━━ Provided material ━━

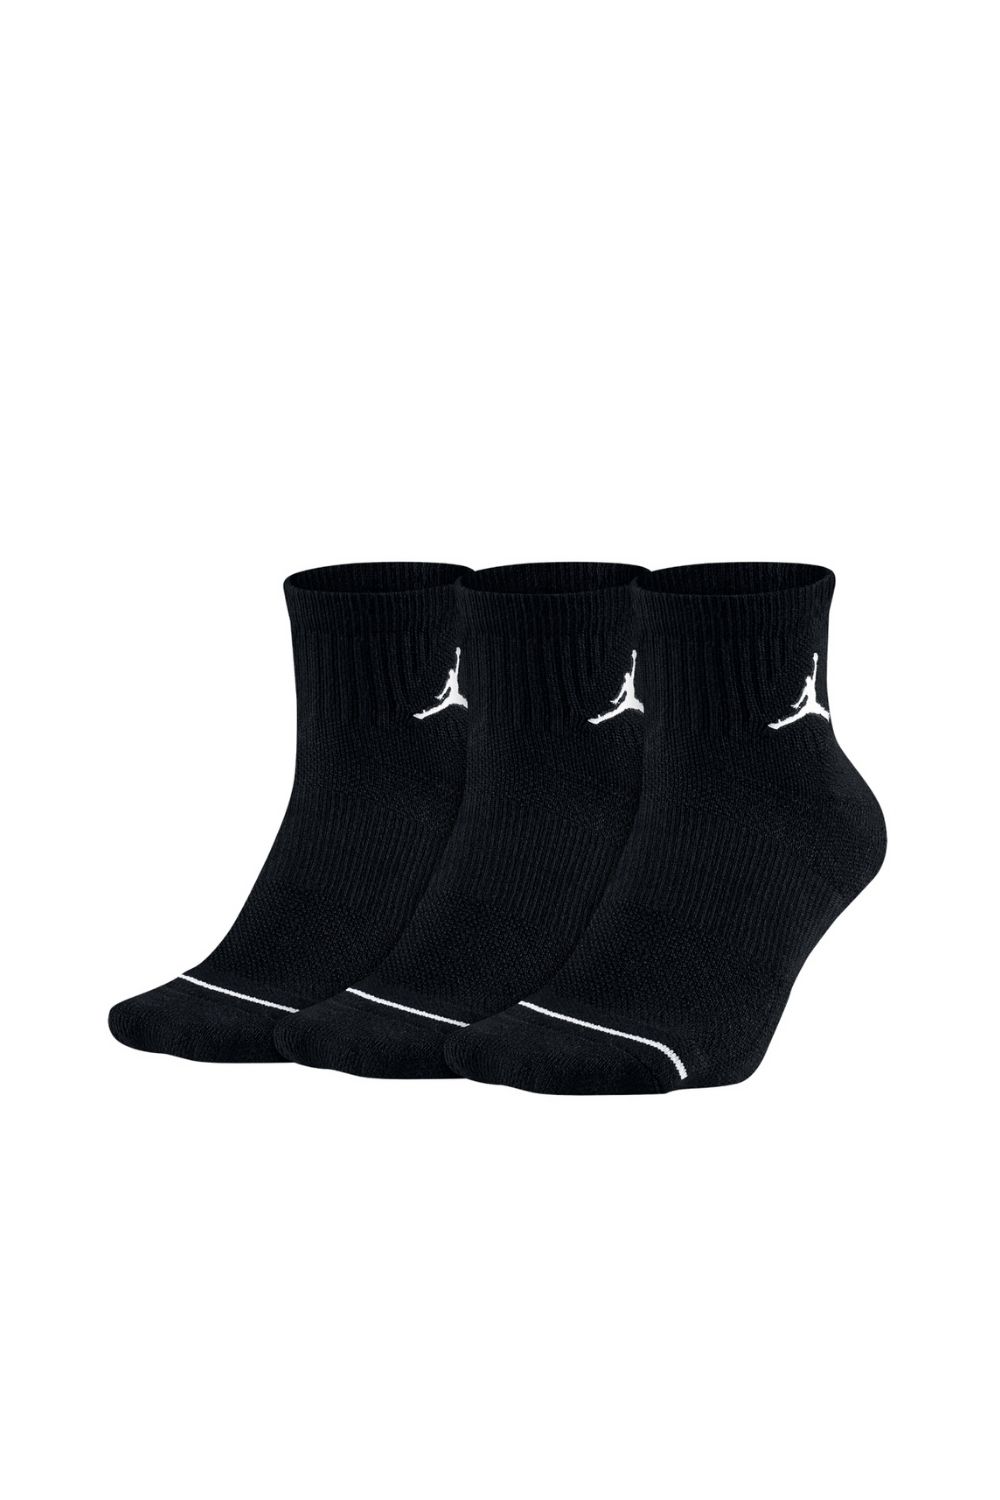 NIKE - Σετ unisex Nike JORDAN EVRY MAX ANKLE μαύρες Γυναικεία/Αξεσουάρ/Κάλτσες
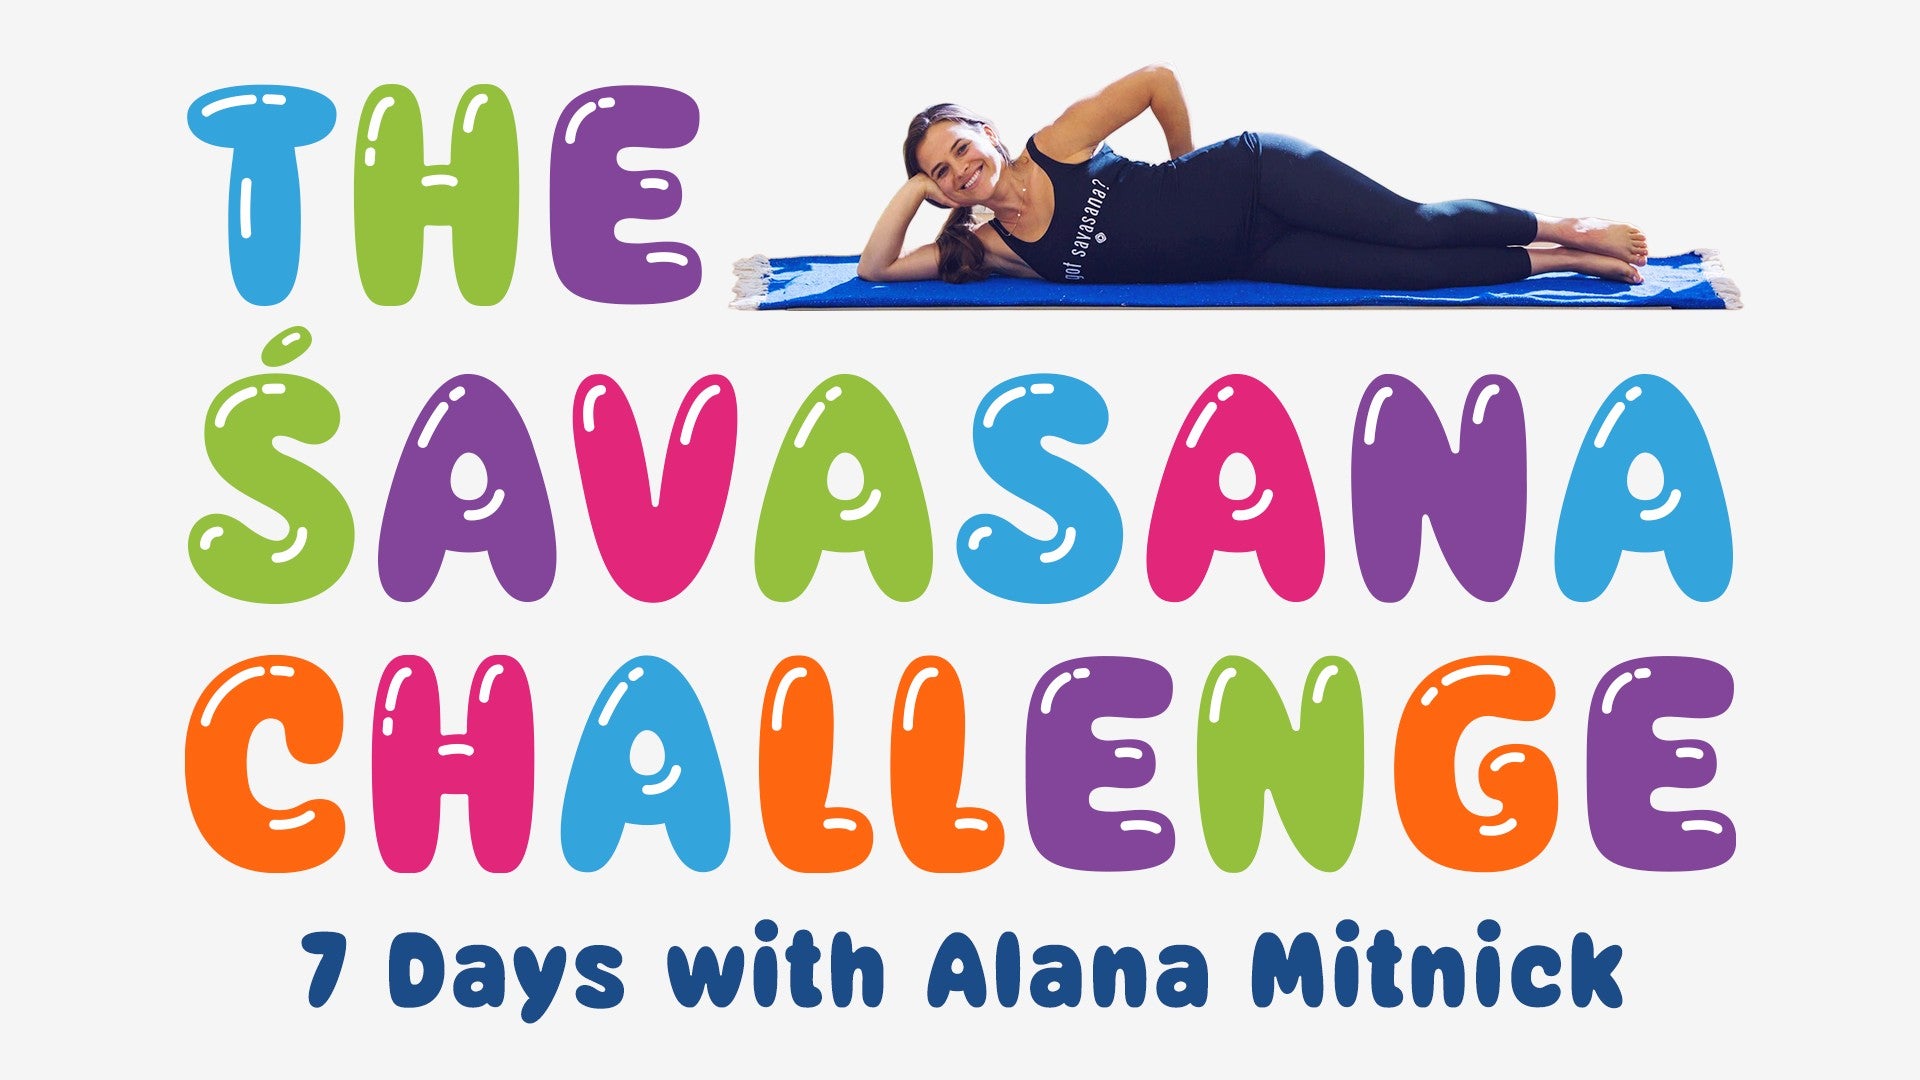 The Savasana Challenge Artwork
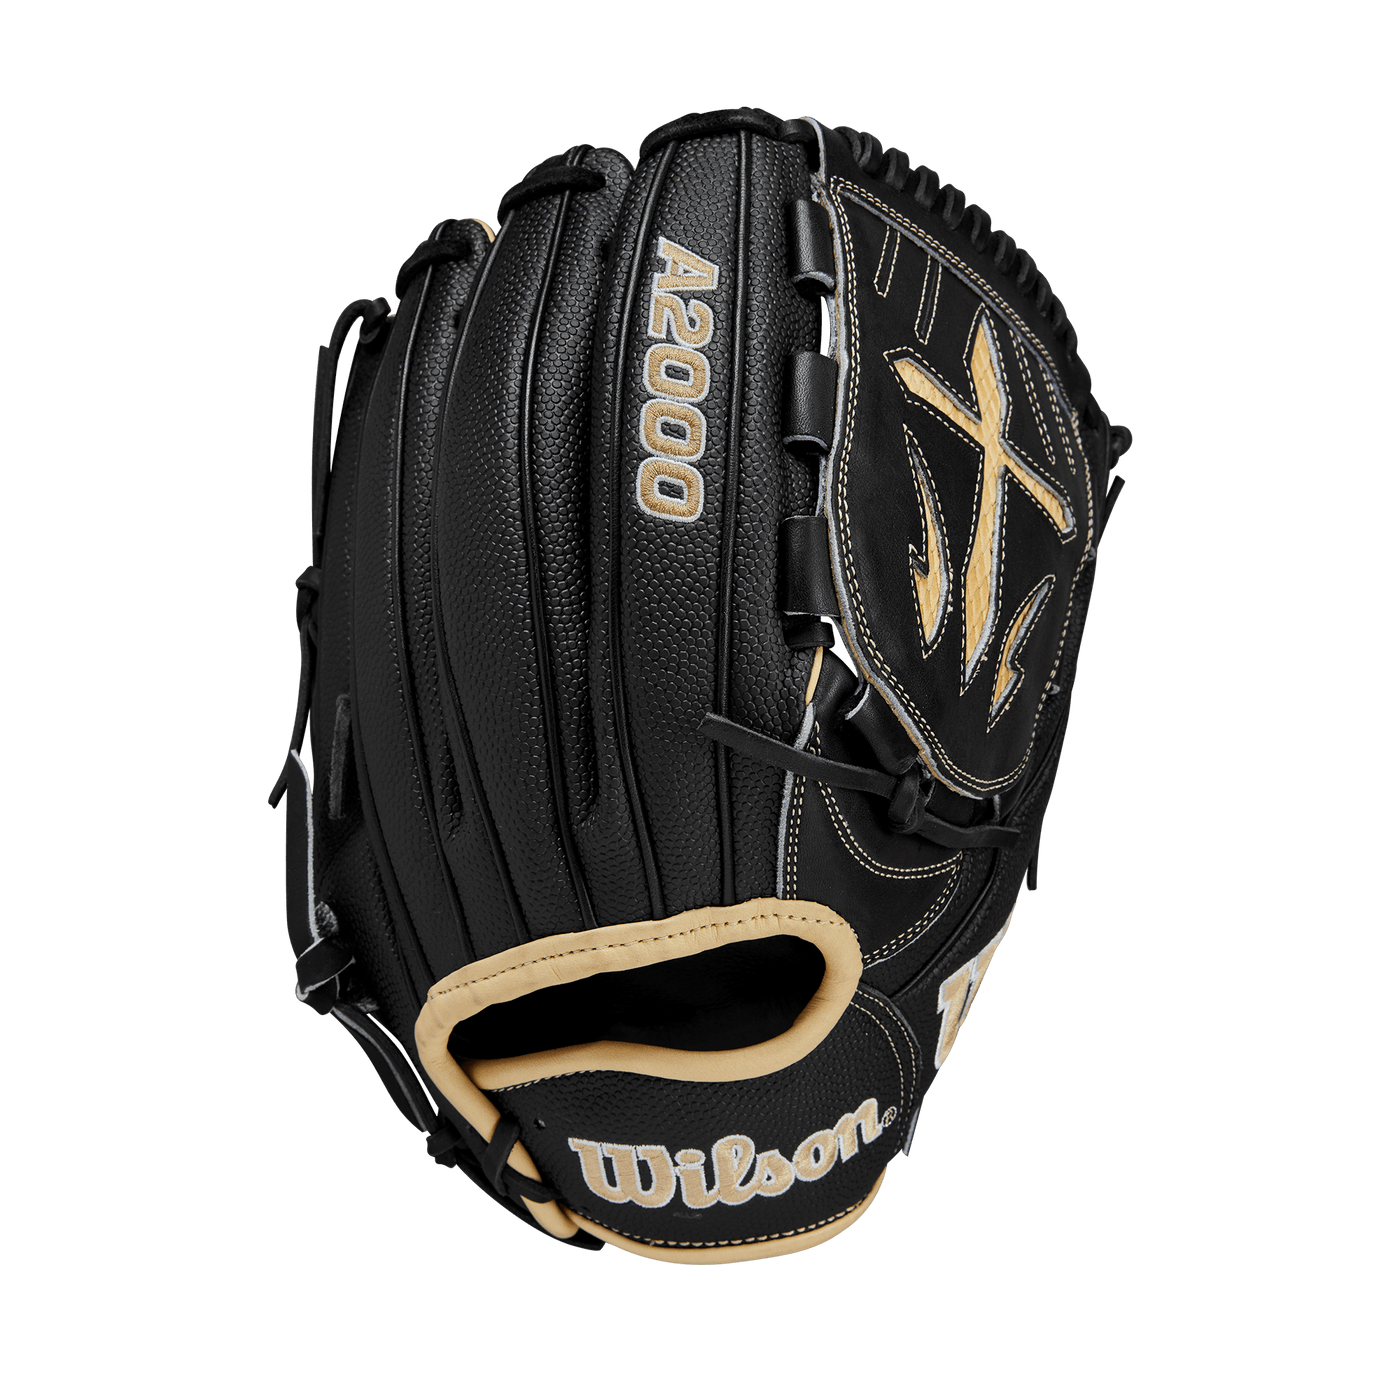 Rate my glove design : r/BaseballGloves

━━━

» **Task brief**
The whole listing, pictures excluded, should be output exactly.

» **Answer section**
 NIKE - Σετ unisex Nike JORDAN EVRY MAX ANKLE μαύρες Γυναικεία/Αξεσουάρ/Κάλτσες
 The Savasana Challenge Artwork
 Rate my glove design : r/BaseballGloves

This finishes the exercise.